── Data excerpt

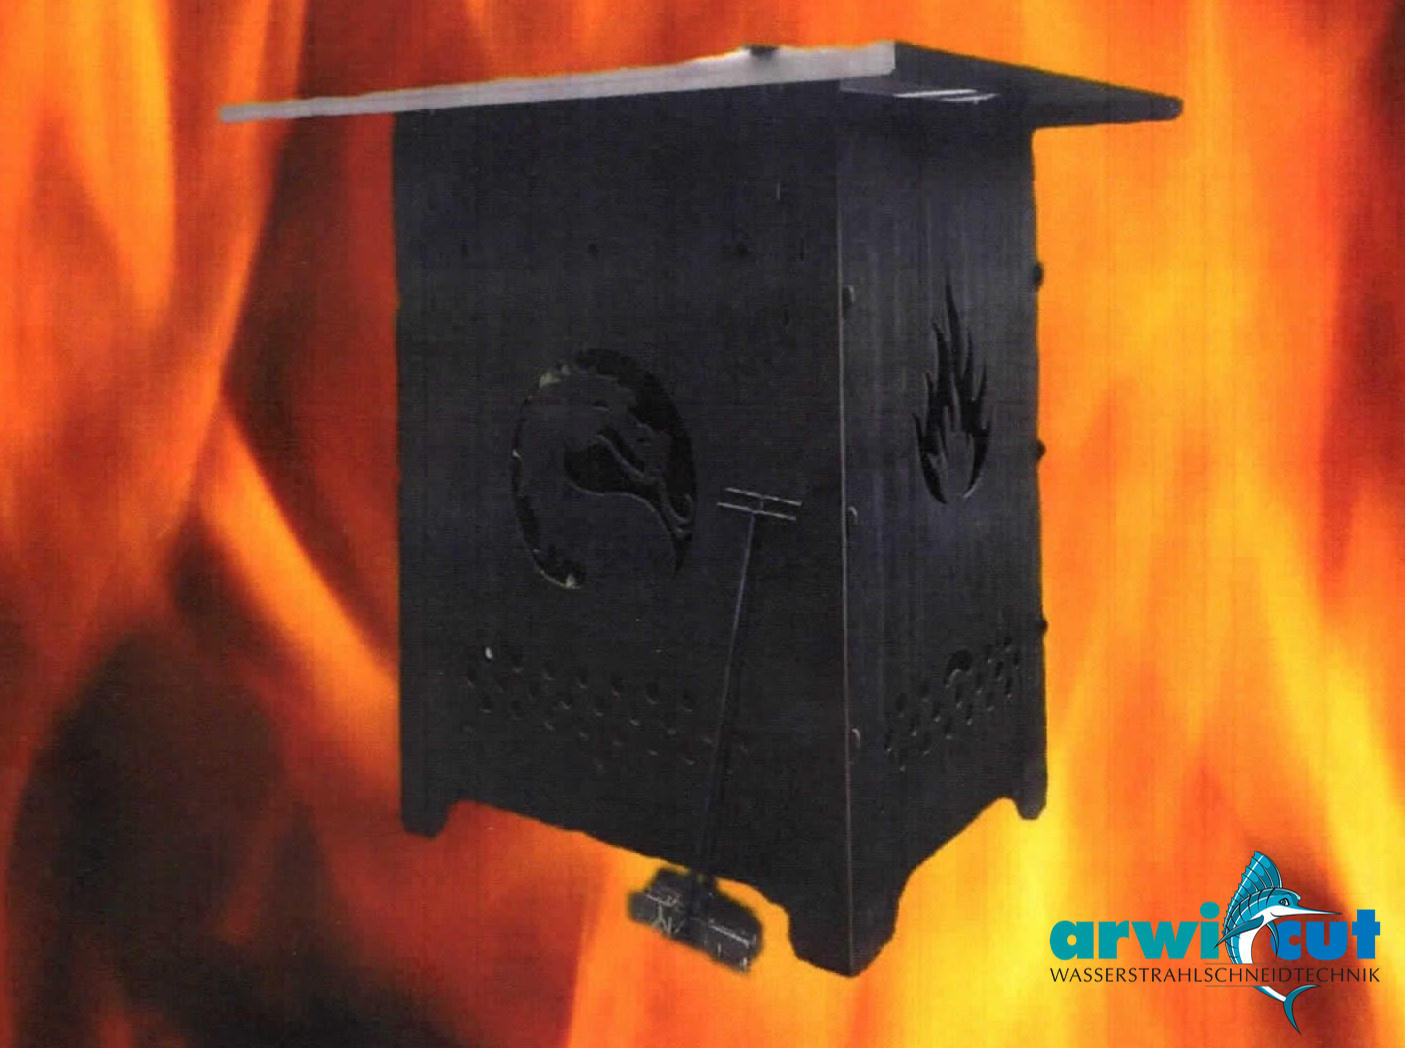 Feuerschale mit Grill ist eine Eigenentwicklung und Fertigung der Firma arwicut.
Sie ist ohne Werkzeug montier- oder demontierbar
Der Grilleinsatz ermöglicht das Auflegen von Grillgut.

────

**What is expected:**
Beginning with the line that contains "Sie ist ohne" and ending with the last line of the data above, return those lines exactly and nothing else.

**Answer area:**
Sie ist ohne Werkzeug montier- oder demontierbar
Der Grilleinsatz ermöglicht das Auflegen von Grillgut.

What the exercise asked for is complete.